China has repeatedly insisted Washington has exaggerated the
problem for political reasons, and asked for a response to the
FBI's comments, a Foreign Ministry spokesman Geng Shuang said on
Wednesday that "Cold War mentalities" should be discarded.
The admission by John Brown, assistant director of the
Counterintelligence Division at the FBI, backed up a Senate
subcommittee report that found federal agencies had responded
too slowly as China recruited the researchers, leaving U.S.
taxpayers unwittingly funding the rise of China's economy and
military.
"With our present-day knowledge of the threat from Chinese
plans, we wish we had taken more rapid and comprehensive action
in the past," Brown told a Senate subcommittee. "The time to
make up for that is now."
Despite China's announcement in 2008 of the Thousand Talents
Plan - for which China had originally hoped to recruit 2,000
people but ended up recruiting more than 7,000 by 2017 - the FBI
did not respond strongly until last year, the report released on
Monday by the Senate's Permanent Subcommittee on Investigations
found.
Washington has confronted Beijing over what it believes are some
illicit methods to rapidly acquire technological advances, one
of many conflicts in the trade war between the two countries.
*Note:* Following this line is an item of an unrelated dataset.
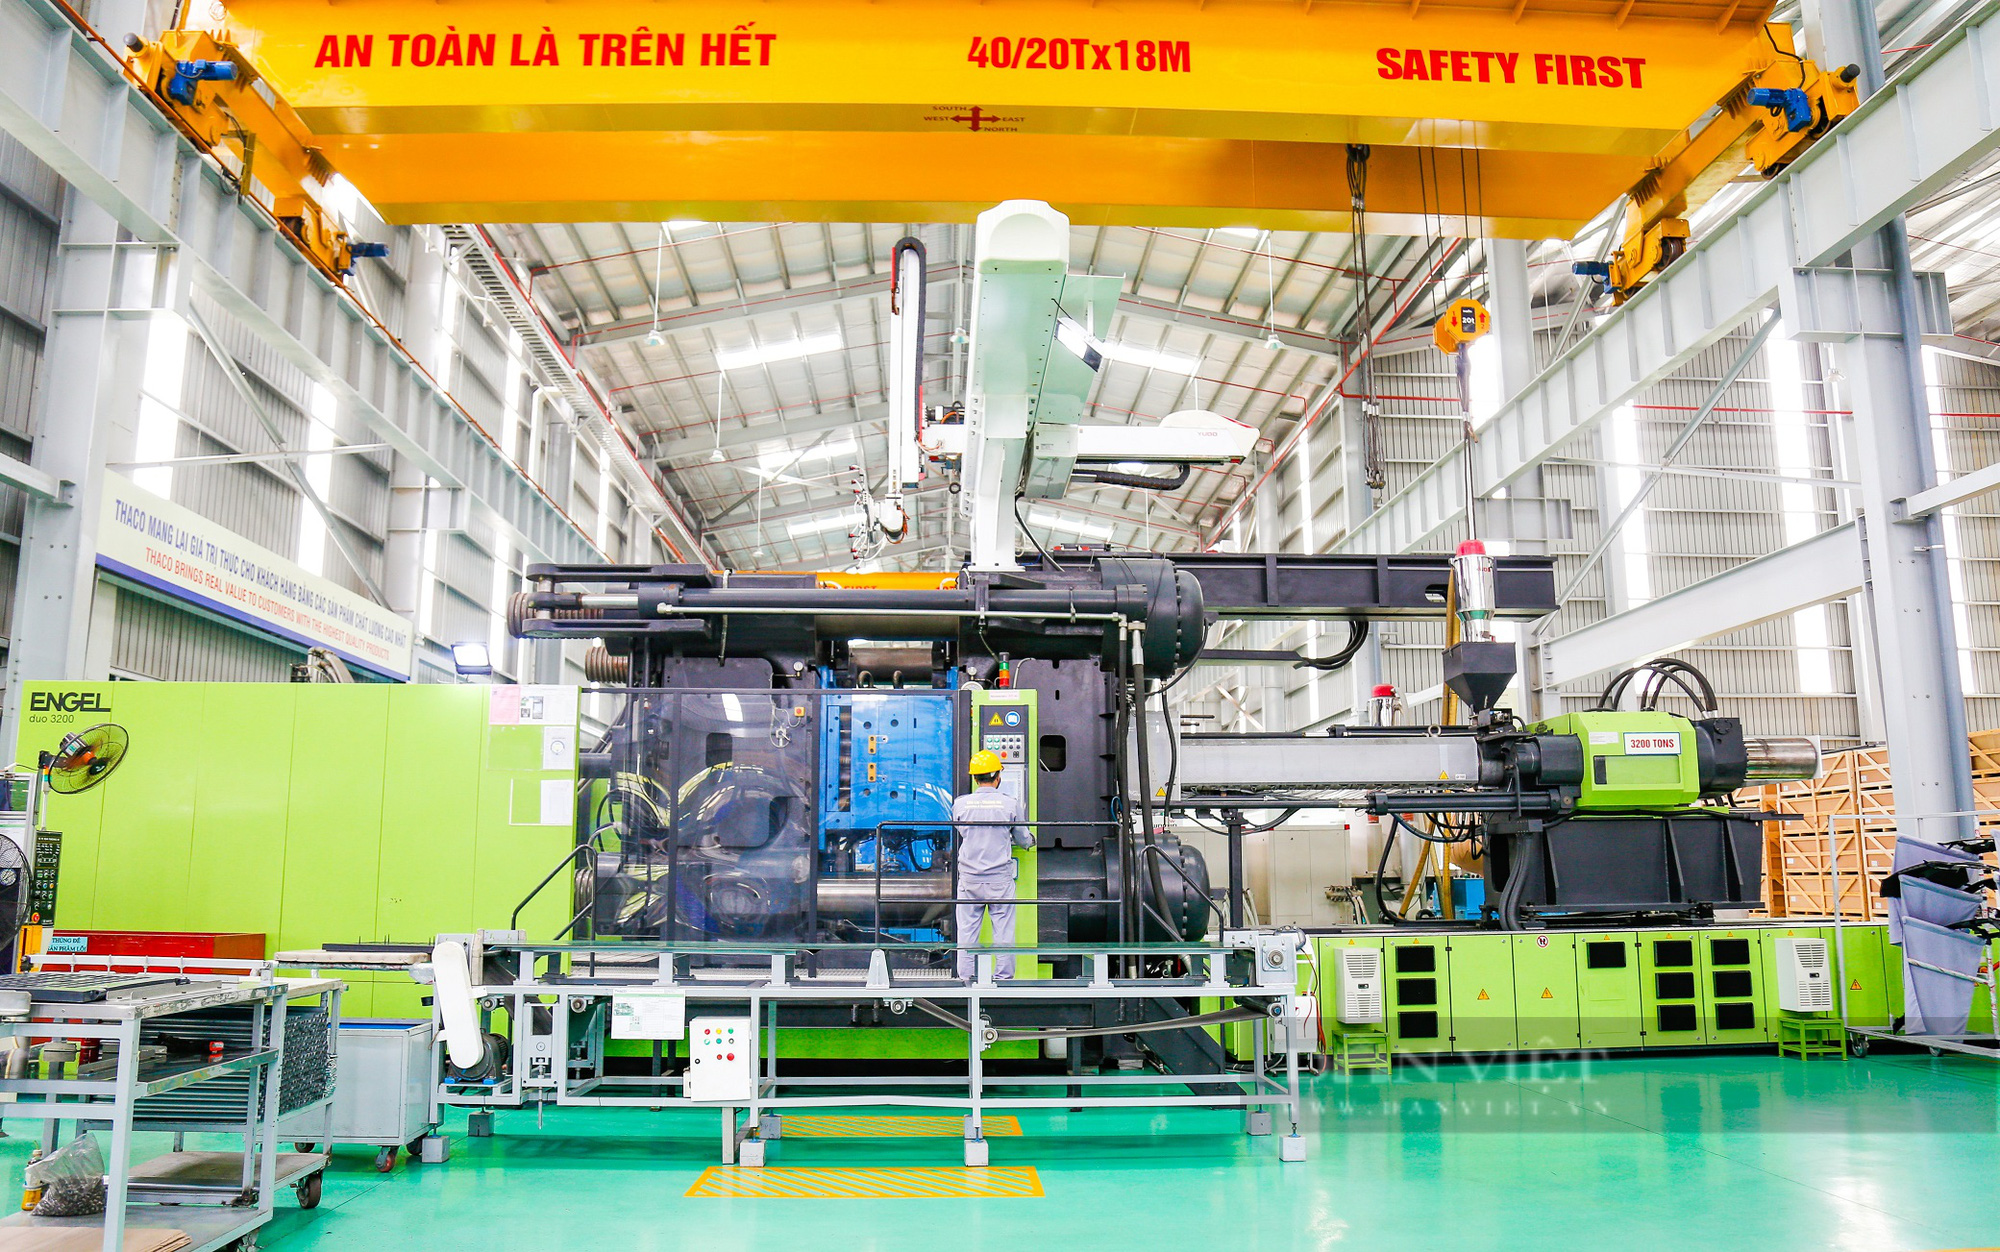 Tỷ phú Trần Bá Dương “bơm” thêm hàng nghìn tỷ đồng để phát triển công nghiệp phụ trợ ngành cơ khí ô tô - Ảnh 3.

China's foreign ministry spokesman said U.S. accusations that
China was stealing intellectual property were groundless.
Strengthening cooperation and communication in science and
technology benefits both countries as well as humanity, Geng
told a regular briefing in Beijing.
The U.S. senators also pressed officials from the National
Science Foundation, the National Institutes of Health, and the
Department of Energy and State Department about what should be
done to counter China's efforts to steal intellectual property.
"I hope very much that this is one of the first steps we take in
developing a real national strategy in combating this because
clearly China has a strategy, and we need one of our own,"
Senator Maggie Hassan said.
Senators Rob Portman, the Republican subcommittee chairman, and
Tom Carper, its top Democrat, said on Monday they would use the
report to write legislation to end "this abuse" of U.S.
research, intelligence property and taxpayer money.